I have ordered the destruction of entire families, the burning of homes and entire villages where the Partisans find their strongholds because some Serbian degenerates help the proletariat scum in some villages. This is what I ordered because we lose our best nationalists due to our own degenerates.

— Telegram no. 13.007 from Georgij (Lieutenant Colonel Milutin Radojević, Mihailović's delegate for the Jablanica and Toplice Area) No. SS 58, 28 December 1943[159]

In late December 1943, Draža Mihailović ordered an anti-communist operation south of Belgrade. Colonel Jevrem Simić (general inspector of the Chetnik Detachments) and Nikola Kalabić (commander of the Chetnik Hill Guard Corps) were the main coordinators. After they signed a ceasefire-and-cooperation agreement with the Nazis in the region on 26 November 1943, Chetniks brought their units and began to clear the area.

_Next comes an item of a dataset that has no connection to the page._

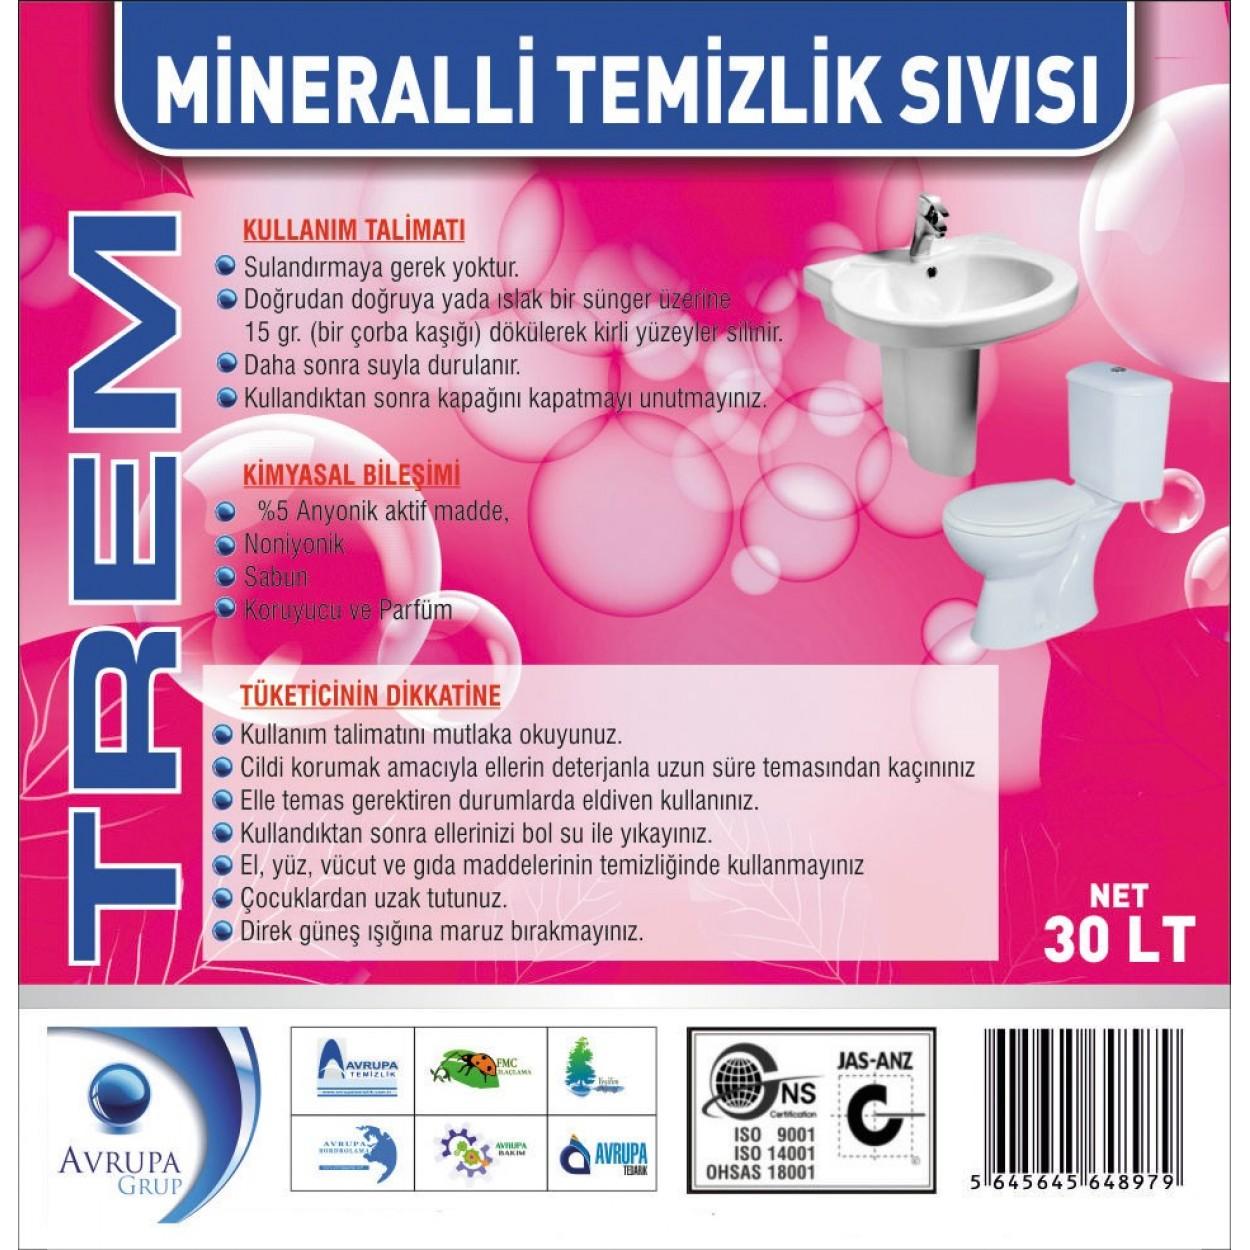 TREM Mineralli Temizlik Sıvısı 10 Litre

All areas close to Belgrade are infested with communists and their supporters. I order commanders Major Mihail Jovanović, Captain Lazović, Captain Nikola Kalabić, Komarčević and the Mining Corps to be most energetic from south to north (...) in cleansing all srezs, especially Kosmaj. It is especially important to clear the srezs of Grocka and Umka. At the same time, I congratulate Captains Živojin Lazović and Nikola Kalabić. The decree was fulfilled on 1 December, and there will be further promotions for accomplishments. Continuously inform others about the actions taken.

— Mihailović's telegram to the commanders of Seged, Kiš (Živojin Lazović, commander of the Smederevo Corps), Ras-Ras (Nikola Kalabić), Dog-Dog and Romel)

Mihailović's operation lasted from 20 to 21 December 1943. Members of the Smederevo Corps under the command of Živan Lazović killed 72 civilians, nine of whom were children from nine months to 12 years old. This became known as the Vranić Massacre. After the operation, Mihailović reported: "Terrible inactivity of the elders of Aval Corps. Živan Lazović must come so he could show what could be done."[160]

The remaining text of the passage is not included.